Sunday, March 11, 2007

Slash and burn

I'm ranting again and this time I mean it. I got home on Friday afternoon to find a note through the door from the local Sustrans person, informing us that on Sunday a group of volunteers would be meeting across the road to do 'maintenance work' on the cycle trail. The last time this bunch of slash-and-burners turned up, the area looked devastated for months and it still hasn't grown back properly.

We knew when we bought the house that the cycle trail was going to be built over the road in what was then a lush, green tangle of trees and bushes. It seemed a positive factor - naively I assumed that Sustrans would be in favour of countryside, and greenery generally. After all, the whole point of the organisation is to build off-road trails for the public to enjoy when they want to get out of the town and away from traffic. It never occurred to me they would be obsessed with turning the stretch of pleasantly overgrown land opposite our house into some kind of sanitised suburban park, completely stripped of any vegetation between the trees.

Conveniently no phone number was provided so I hit the internet and the phone book - both people concerned were, equally conveniently, out of the office, but I did manage to leave a message for one of them with her colleague. In an attempt not to sound completely unhinged I asked for some new planting, but goodness knows what got passed on - ' a nasty piece of work in Ruddlemoor objects to your nice volunteers clearing the path' probably.

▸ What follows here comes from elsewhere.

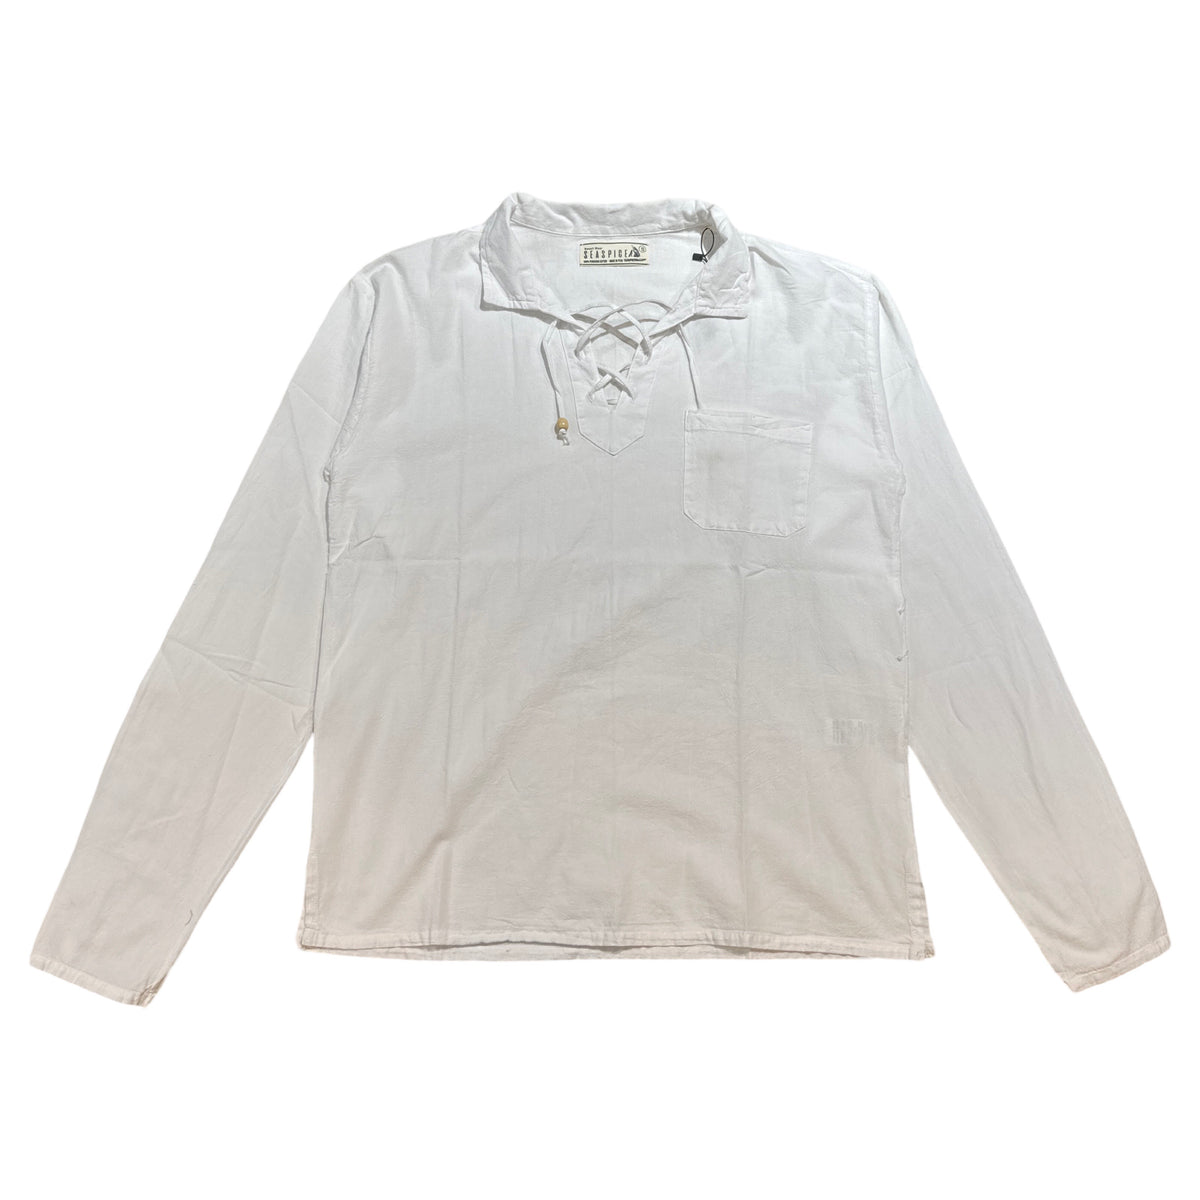 Seaspice White Boho Peruvian Cotton Long Sleeve Shirt - Dudes Boutique
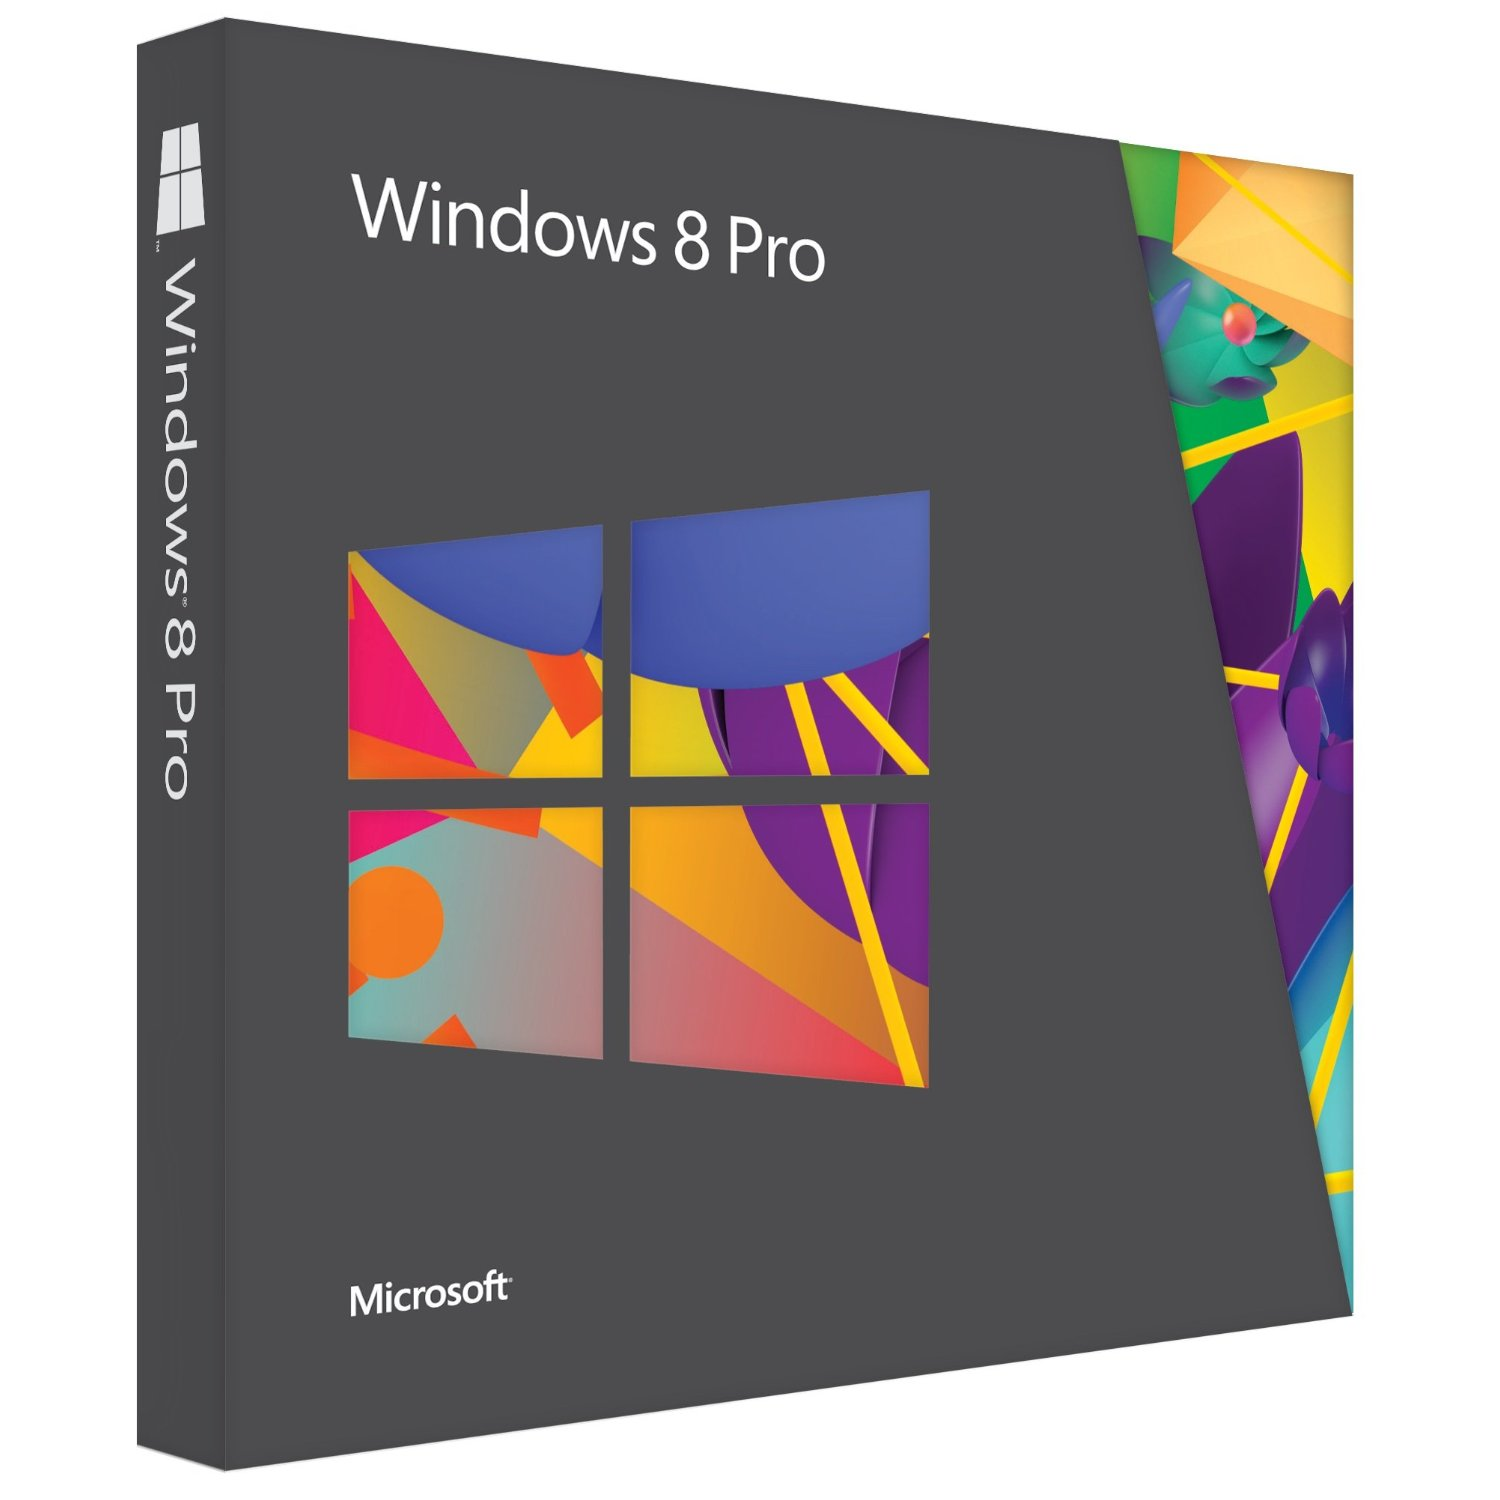 Windows 8 Professional [DVD Full] [ISO] x86 Via SkyDrive | SoftWareMaNiaco.com

We decided to go out for the day today, as the last thing I wanted was to go over and 'discuss' it in front of an interested crowd, all believing they are doing good for the community by spending their Sunday defacing an inoffensive stretch of path.

Sure enough, we arrived back to find everything levelled once again and the path completely open to the road. I find this utterly bizarre, both as a user of the trail and as a resident. Which is more pleasant - to walk between banks of green, leafy vegetation which blocks out sight and some sound of passing traffic, or in full view and earshot of it?

I realise this may sound pretty minor stuff, so why does it get my back up so much? Firstly because we, whose environment is adversely affected, are the last to know - I have discovered that for the last few weeks Sustrans have been putting invitations in the local press for people to come and help. Then to have absolutely no control over what happens just outside my property. And finally to think that all those people are now congratulating themselves on being so public-spirited. If they are really so concerned about the environment, they could go and pick up all the rubbish flung out of souped-up old Peugeots the moment the local petrolheads finish their drive-thru McDonalds. Or campaign to reduce the speed limit on this road, where yet another driver was killed last week, his car on the wrong side of the road,and which is now referred to in the local press as an 'accident blackspot'. How would they feel, these marvellous volunteers who no doubt live in wonderfully leafy surroundings, if I turned up outside their garden fence and started hacking down all the vegetation they can see from their windows?

So you could say I am not happy. At the moment I intend to get back on the phone tomorrow and put my case. Sometimes I simmer down and decide to let it pass. This time I think not.